NOESIS: Seismic Protection Devices
NOESIS
Novel Seismic Protection Devices in All Spatial Directions
NOESIS developed and demonstrated a new generation of vibration and seismic protection devices for all spatial directions. The project was built around the KDamper concept, an innovative isolation and absorption architecture that uses negative-stiffness elements to protect structures, equipment and sensitive installations from seismic and other low-frequency excitations.
Scope
The primary scope of NOESIS was the design, construction and demonstration of innovative protection devices against earthquakes and low-frequency excitations in three spatial directions. The project was led by the Laboratory of Dynamics, NTUA, and its director Prof. Ioannis A. Antoniadis, with the wider effort focused on turning the KDamper principle from a scientific concept into experimentally validated device families with practical engineering value.

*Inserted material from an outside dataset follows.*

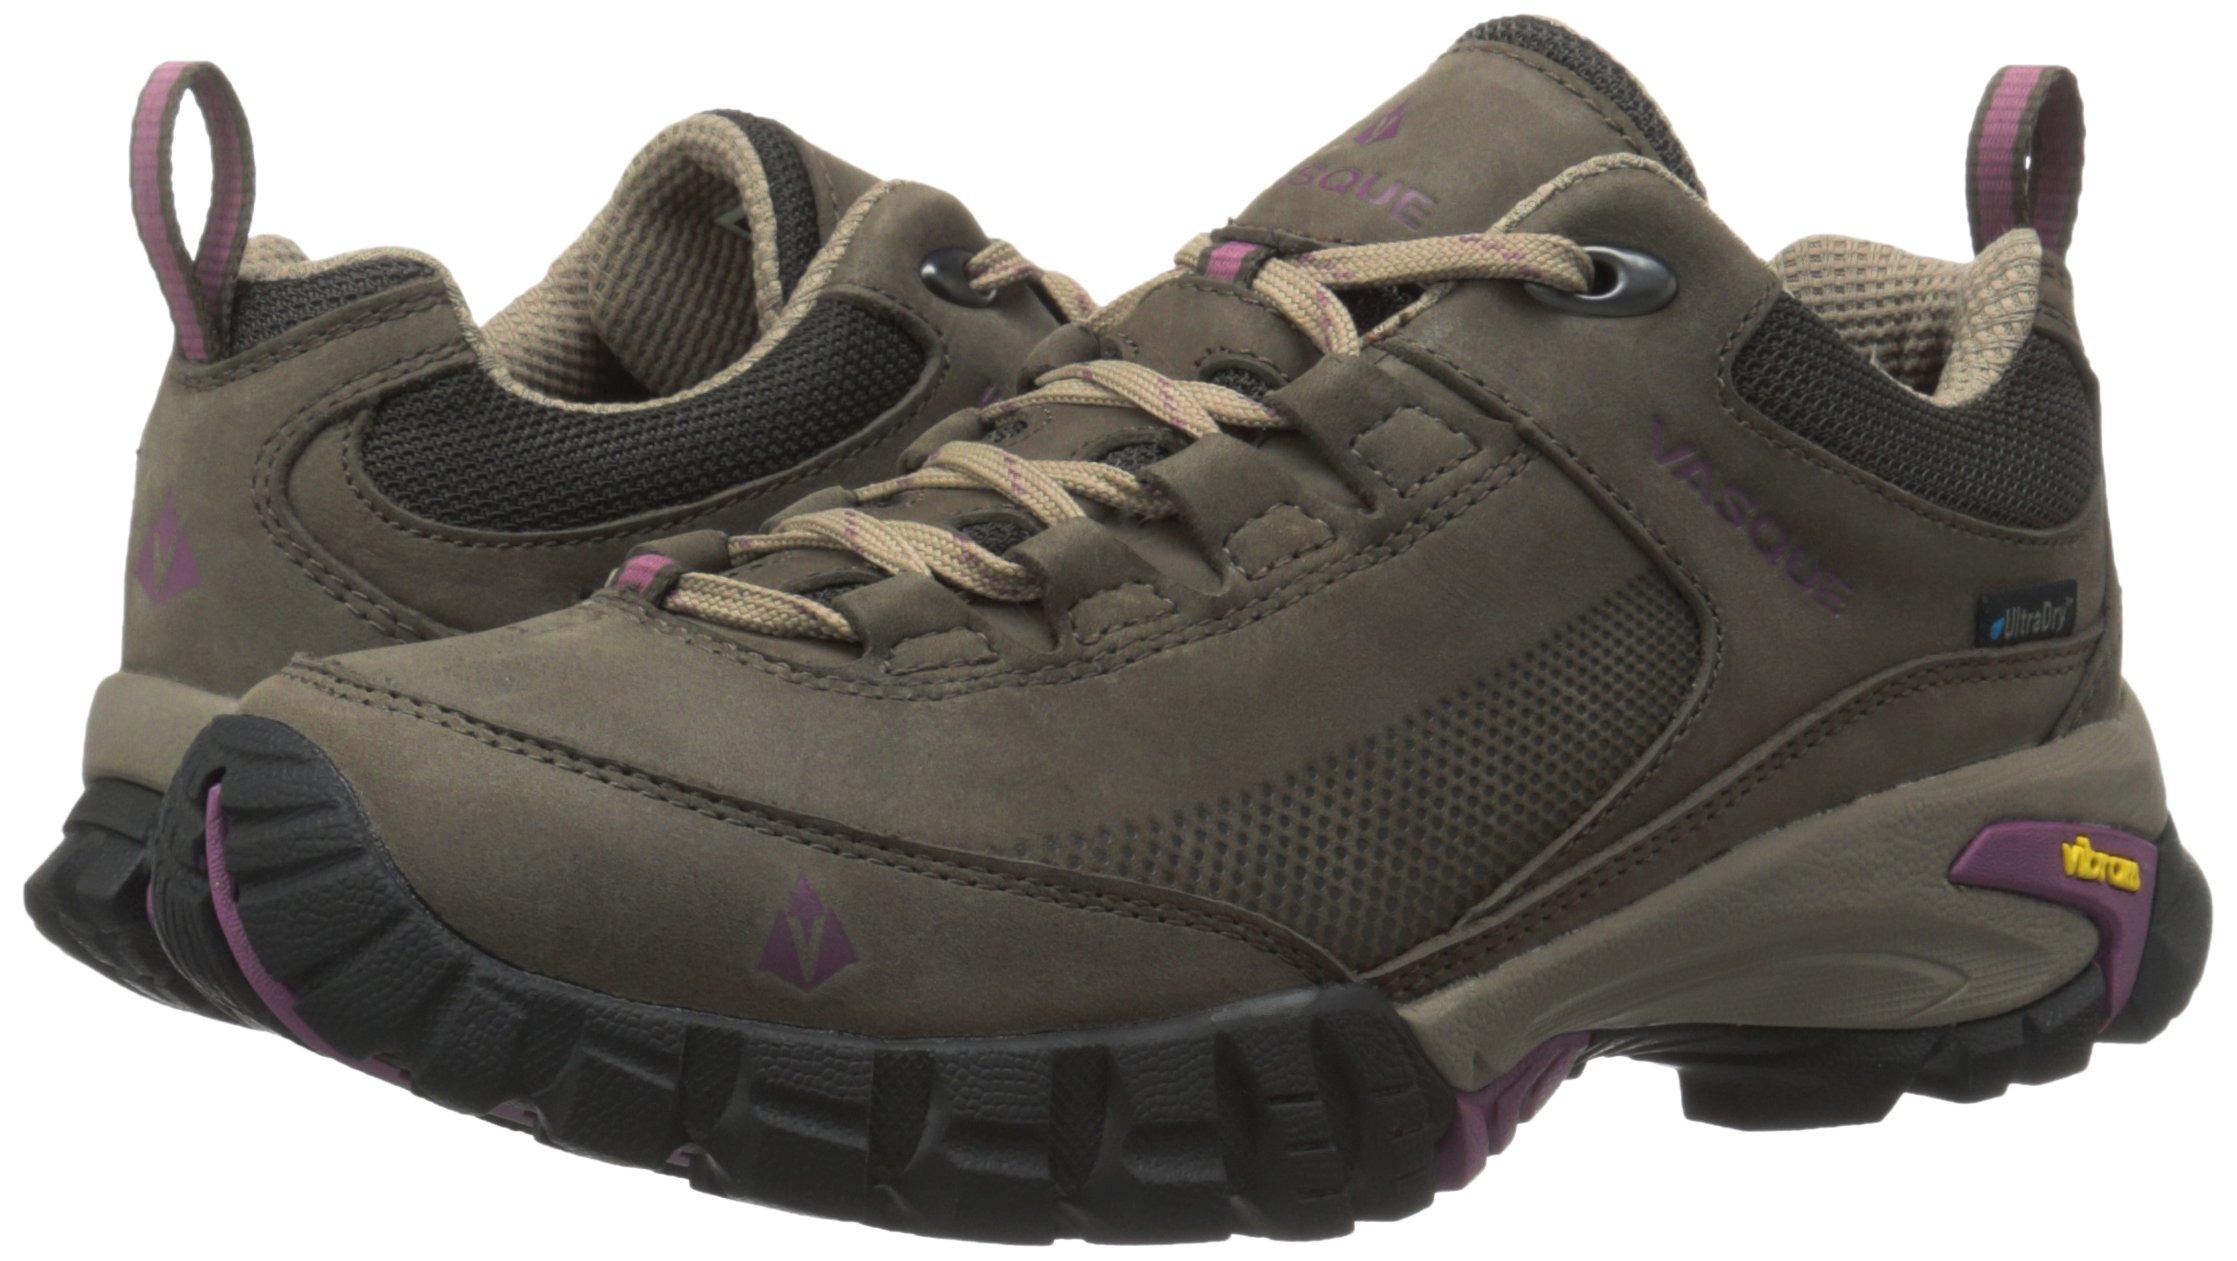 Vasque Women's Talus Trek Low UltraDry Hiking Shoe, Black Olive/Damson, 8.5 M US by Vasque (Image #6)

The central technical challenge was the realization of negative-stiffness elements with predictable, repeatable behavior and a realistic path toward low-cost implementation. This required both mechanical ingenuity and systematic modelling, because the negative-stiffness function is produced by combining conventional positive-stiffness elastic components inside carefully designed mechanisms.
Within this framework, MD-Lab contributed the mechanical design and validation backbone of the project: the design of the Extended KDamper experimental arrangement, finite-element simulations and detailed design for the leaf-spring concept, and extensive dynamic testing of the developed prototypes.
By the end of the project, the KDamper principle had advanced from TRL 1 to TRL 4, with TRL 5 maturity approached through multiple experimental prototypes and application-oriented product concepts.
Impact
NOESIS addressed a persistent limitation of conventional vibration isolation: achieving low isolation frequencies normally requires very soft supports or large added masses, which can introduce excessive static deflections and impractical installation constraints. KDamper-based devices aim to combine high static stiffness with improved low-frequency isolation, opening a route toward compact absorbers for demanding seismic and vibration environments.
The project investigated applications ranging from vertical vibration and seismic supports to acoustic floor isolation, horizontal seismic base isolation, bridges and wind-energy structures. Its broader impact lies in the transition from theoretical negative-stiffness concepts to modular device layouts, prototype tests and product families that can be adapted to different load ranges and target markets.
MD-Lab’s Contribution
From KDamper theory to device architecture
MD-Lab contributed to the transformation of the KDamper concept into concrete device architectures through the design of the Extended KDamper, finite-element simulations, detailed design of the leaf-spring concept and extensive dynamic testing. The lab reviewed candidate vibration and seismic protection technologies, investigated alternative negative-stiffness implementations and developed parametric layouts that could be installed modularly in existing elastic supports across a wide range of loads.
The work included detailed design of an Extended KDamper experimental arrangement for a 1000 kg superstructure with a target displacement range of +/- 50 mm. MD-Lab dimensioned the key mechanical subsystems, including leaf springs, positive-stiffness compression springs, the negative-stiffness mechanism, dampers, added mass, linear guides, support frames and interfaces required for testing on the DERRITRON VP 25M electromagnetic vibrator.
Elastic elements, negative stiffness and verification
A major part of the work focused on the elements that make negative-stiffness behavior practical. The team studied mechanisms with inclined pre-compressed springs, horizontal pre-compressed springs with lever arms, vertical or horizontal pre-tensioned springs and new flat elastic metal strip spring concepts. These alternatives were analyzed so that the required negative stiffness could be maintained across the expected displacement range without destabilizing the protected structure.
The flat-strip spring concept became especially important because it offered a manufacturable route for KDamper seismic protection. MD-Lab supported the design with analytical calculations, finite-element checks and detailed geometry definition, linking the mechanical design to load capacity, stress limits, travel requirements and repeatable experimental behavior.
Prototype pathway
The project combined modelling, mechanical design, construction and experimental feedback. Prototype work covered low and medium vertical load configurations, including designs based on prismatic helical springs and alternative negative-stiffness mechanisms. The experimental results helped refine the designs and shaped the final commercial product concepts pursued by the industrial partners.